Economic Outlook: How long is recovery in a ‘Humpty Dumpty’ economy?
It’s a shock because for the last 11 years, the United States has been “throwing money out of a helicopter,” Aleman jokes as he shows a “Helicopter Ben” Ben Bernanke action figure in a helicopter with the slogan, “Now YOU can drop money out of a helicopter.”
The “cash is king” will remain the economic mantra, Aleman notes. “It’s very difficult to get a loan now,” he says. “You have to have a job, you have to have 20 percent down…Banks are turning away customers. They don’t want their money…because lending is no longer a business.”
Aleman refers to the Federal Reserve balance sheet as a “monetary tsunami.” During economic times like this, the Federal Reserve lowers interest rates to reflate the economy. It did this during the last recession, Aleman says, and only one sector reflated: housing. “That bubble burst and we went into a recession,” he says. “That’s where we are now.”

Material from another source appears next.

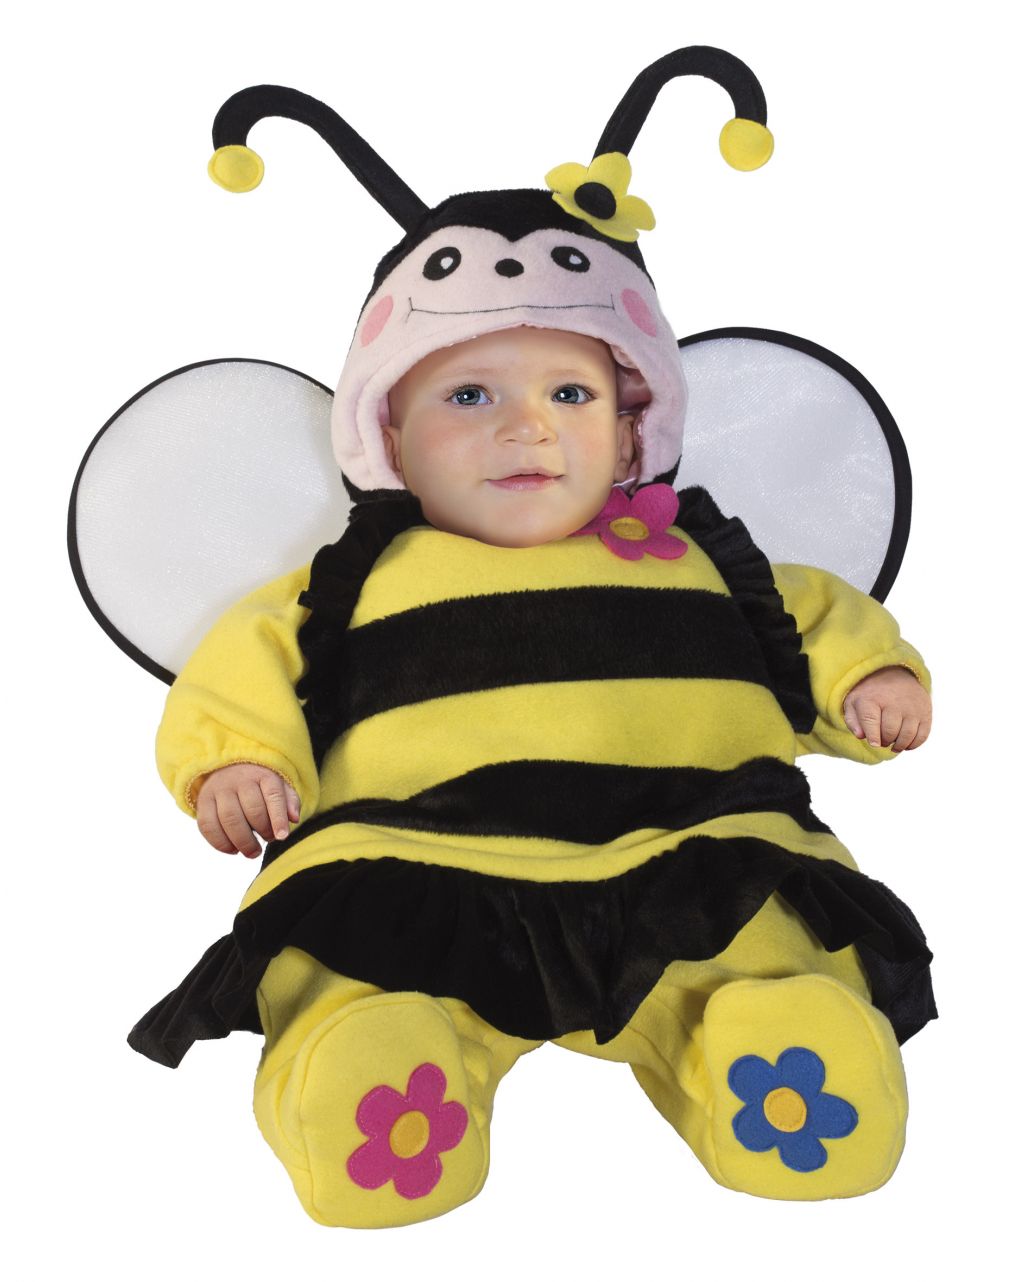 βρεφική αποκριάτικη στολή μελισσούλα 3-6 μηνών - Carnaval Queen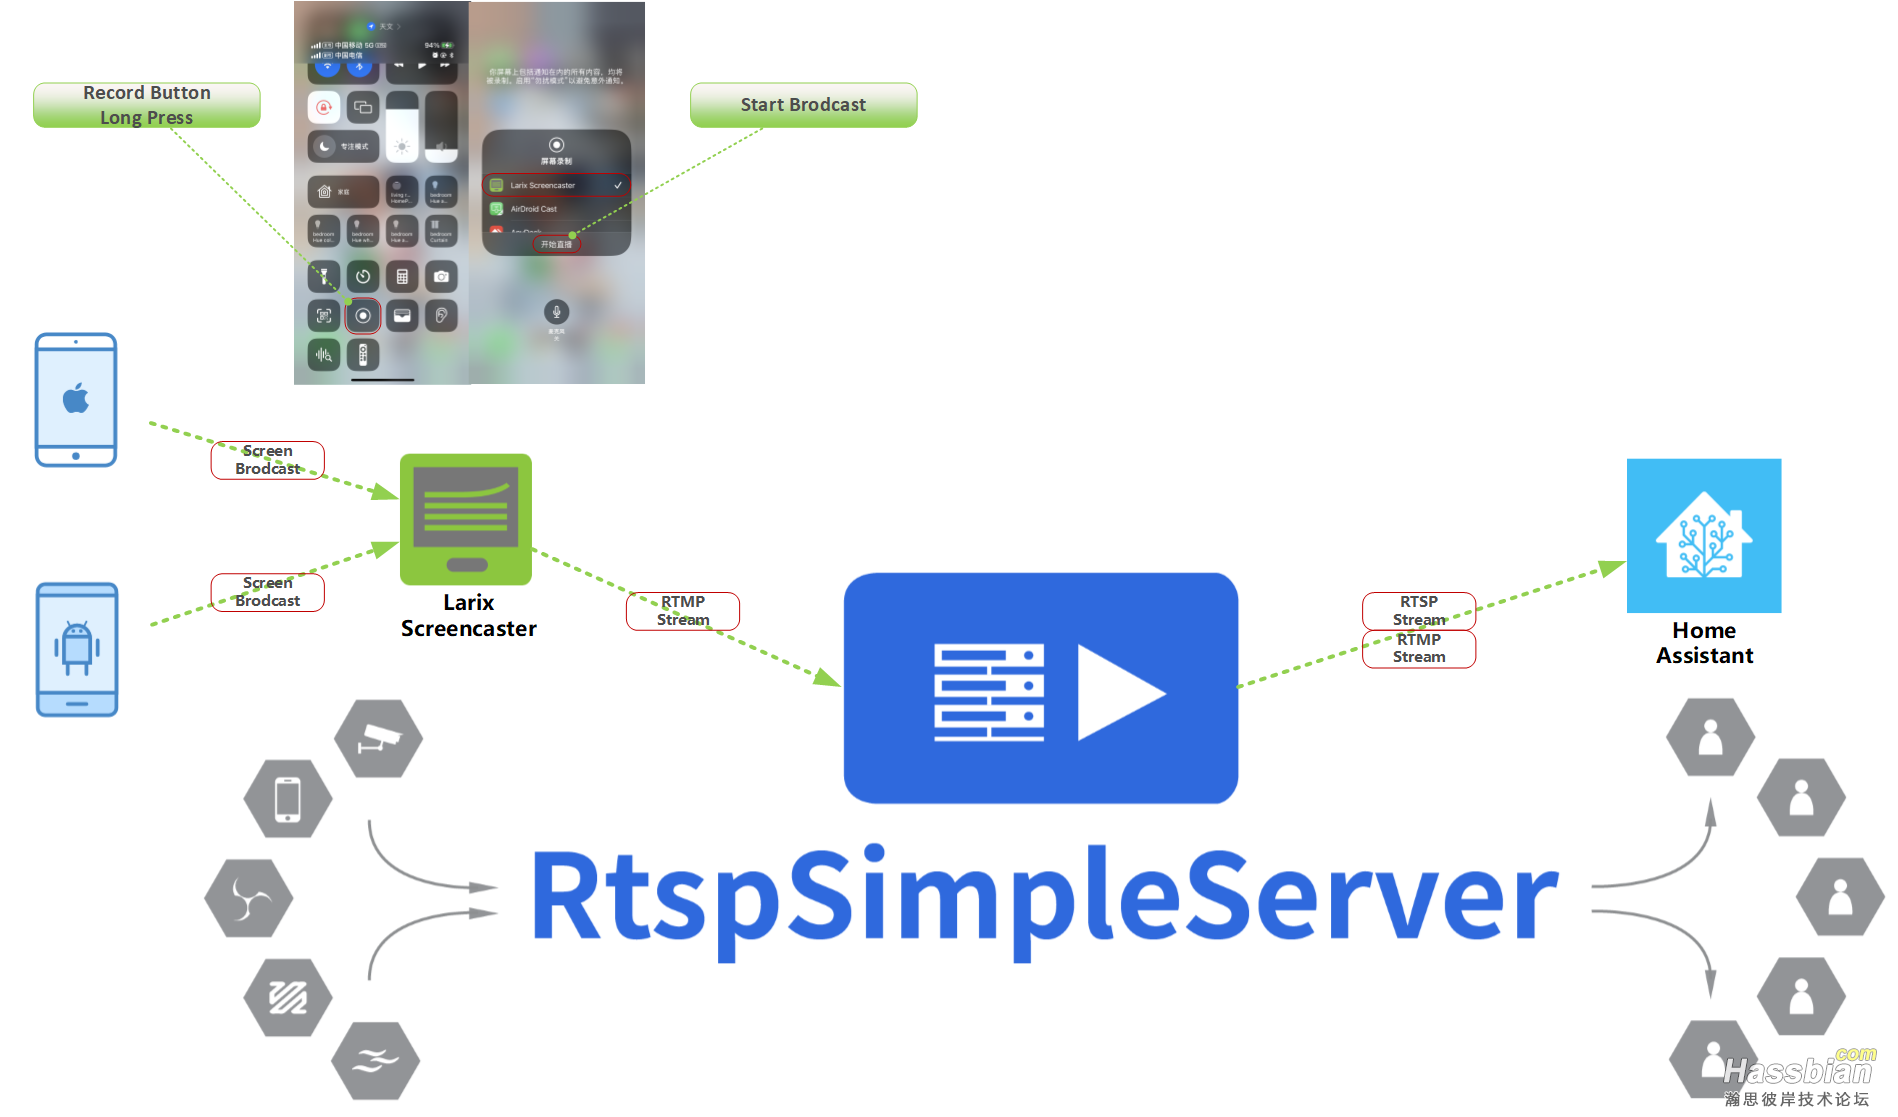 larix-screencaster-rtsp-simple-server-diagram

Although new home sales are very depressed, interest rates are at an all-time low, and credit-card lending “is non-existent,” there are some signs of stabilization, Aleman says. “The good news is that the economy is growing,” he points out. “Manufacturing has expanded for the past two years. The service sector is in expansion mode.”
Aleman is also confident that the he housing market, which sets the tone for much of the construction market, will come back. “Home prices are going to come back,” he says. “Don’t ask me when, but they will. We can’t outsource home buying to China so it has to come back.”
A tricky balance
At Better Roads press time, U.S. Sen. John Cornyn (R-Texas) was calling on Congress to adopt “a strong balanced budget amendment (BBA) to the Constitution.” Cornyn, a member of the Senate Budget Committee, says a strong BBA “will treat the disease along with the symptoms. An amendment with too many exceptions and loopholes will not.”
In the Nov. 16 speech before the Heritage Foundation, “Balanced Budget Amendment: Reclaiming Control Over America’s Future,” Cornyn asked the difference between the fiscal challenges the nation’s founders faced and the ones we currently face and then quipped that “the answer is pretty simple.
“Back then, federal government was the solution to the problem. Right now the federal government is the cause of the problem. And the American people understand the difference.”